His eyes turned to her. “I honestly don’t know. Except stick together, all of you. That’s the most important thing.”
Dicey agreed.
“If you can,” he said. “If you are able to. You might not be able to.”
“You and Windy—you were a big help to us,” Dicey said.
“That’s okay,” Stewart said.
“Especially Windy.”
“Windy had a good time. You brightened up his life.”
“Especially you, too.”
“I didn’t do anything. Sang you a couple of songs. Got you some bad hamburgers.”
“And took us to the beach, don’t forget that.”
They found 1724 Ocean Drive without any trouble. It was one of a long row of houses that stretched down treeless streets. It was a small house, shingled with gray asphalt. Three concrete steps led up to the plain front door. On one side of the door, two windows faced the street. There were thin curtains on the windows and you couldn’t see in. The house loo
ked flat-faced and empty. Dicey sat in the car and studied it before she got out. Was this going to be their home?
They clambered out of the car and said good-bye to Stewart. He left the motor running while he climbed out himself to shake hands with each one of them, James last, and wish them good luck.

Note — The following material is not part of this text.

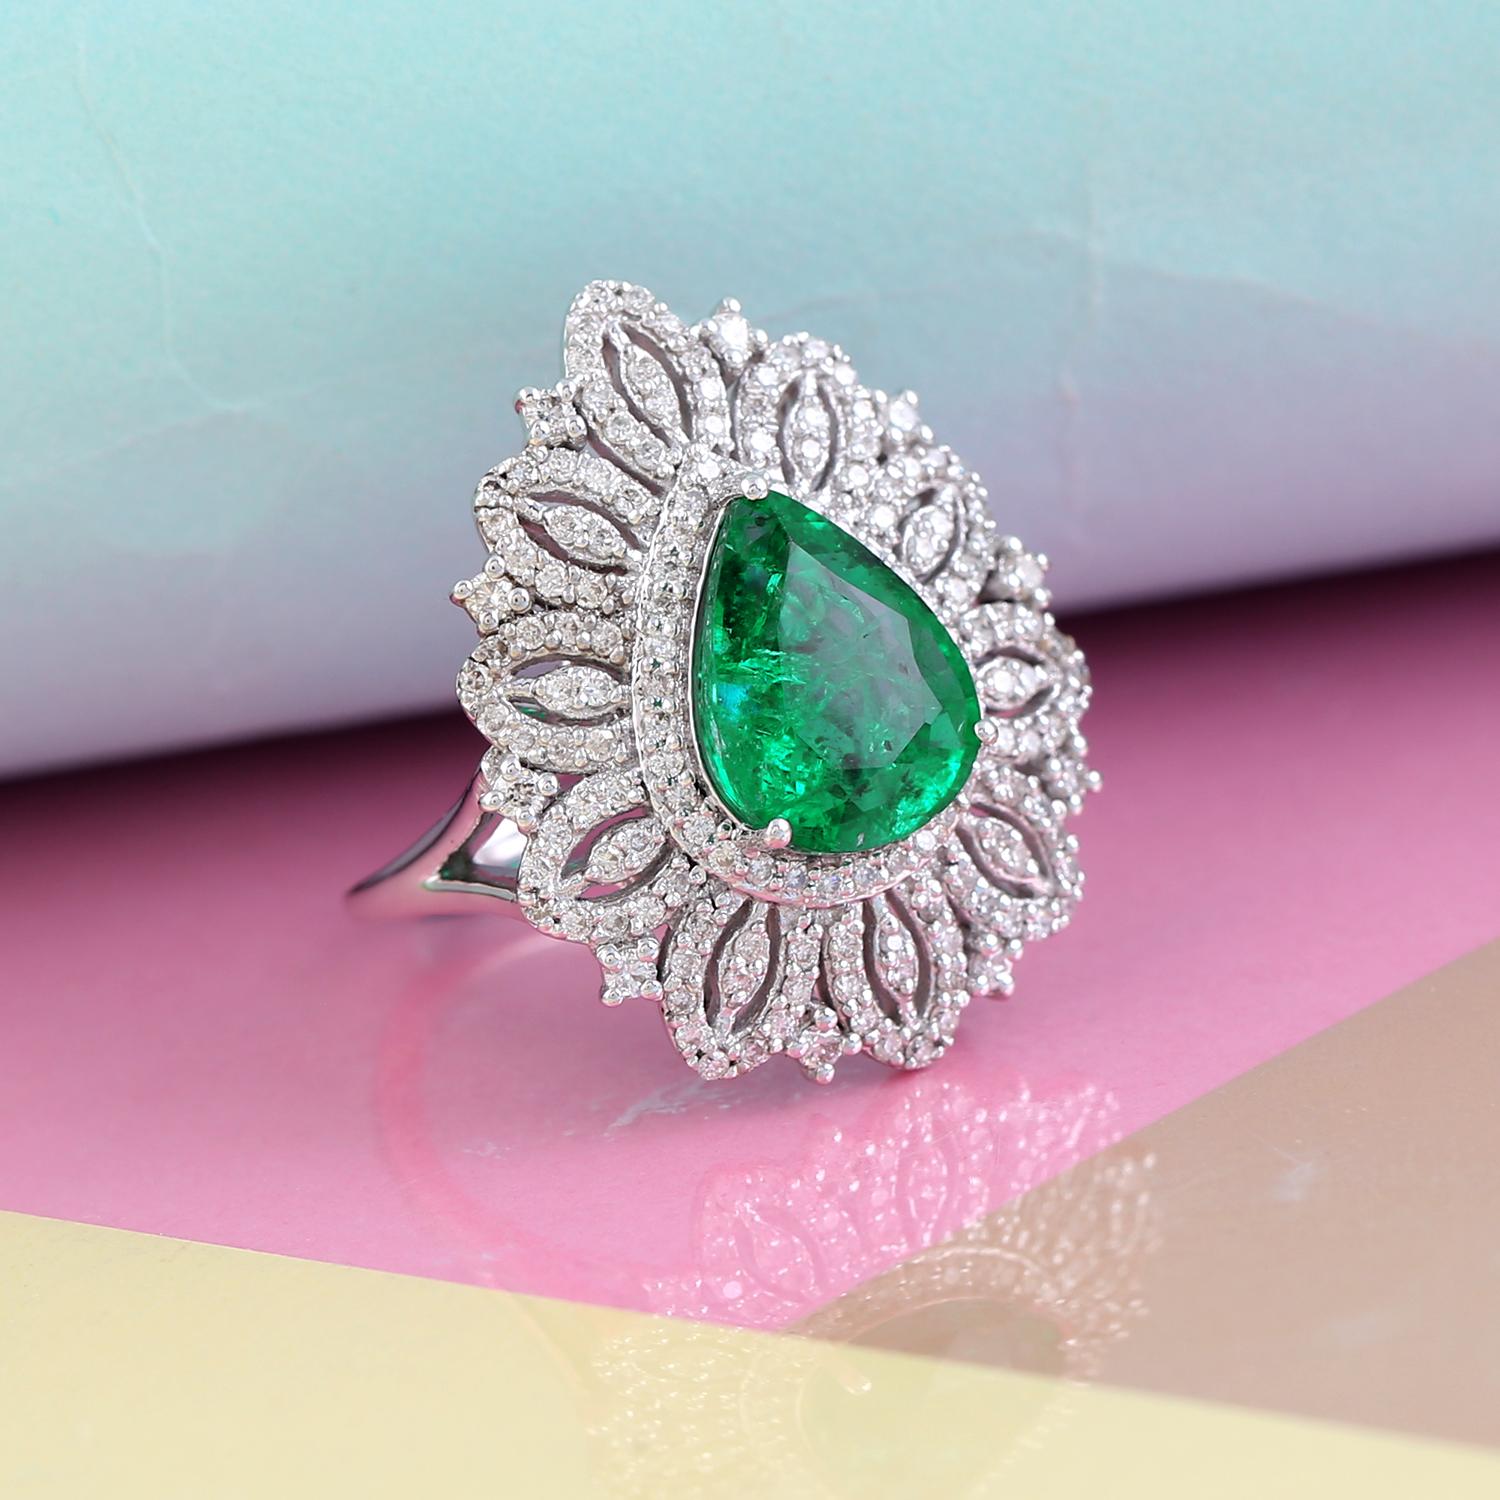 This exquisite ring features a stunning pear-shaped green emerald, surrounded by a sparkling array of diamonds, all set in 18k white gold. The emerald, with its deep green hue, is beautifully complemented by the brilliant diamonds, which enhance the

Then he drove off, down the street, away, the little black car clattering busily. Dicey waved to him, but he must not have seen her because he didn’t wave back. She turned to the closed door. She was nervous, but not in any way she had been nervous before. She looked at James and Maybeth and Sammy standing in a silent row and tried to smile at them. Then she went up the steps, hoping she looked more confident than she felt. At least they were all freshly washed. Dicey knocked on the door.
CHAPTER 9
Nobody answered Dicey’s knock. She could hear the echoes of her knockings inside, so she knew that she would have heard footsteps if someone had been hurrying to answer the door.
She knocked again, louder. While she waited, to be sure no one was at home, she studied the brown paint on the door. It was a thick reddish-brown color and in the inset panels you could see brush strokes.
Nobody was there. Dicey swallowed, as much in relief as in disappointment, and turned to face her family. “I guess we wait,” she said. She sat on the bottom step. They sat behind her and beside her.
They had nothing other than what they wore. Even Dicey’s map, rain-soaked and ripped, had been lost. Stewart had taken his with him.
“I thought Aunt Cilla was rich,” James said. “This isn’t a rich person’s house.”
“I must have been wrong about that,” Dicey said.
“Momma said she was,” James insisted.
“Then Momma was wrong.”
“Do you think Momma’s here?” Sammy asked. “If she’s here why isn’t she here?”
“I dunno,” Dicey said. “It’s Thursday, a working day, isn’t it? So if she’s got a job she’d be there, wouldn’t she?”
“What about Aunt Cilla? Is she too old to work?” James asked.
“I don’t know anything about her except what she wrote in her letters—and that wasn’t true.”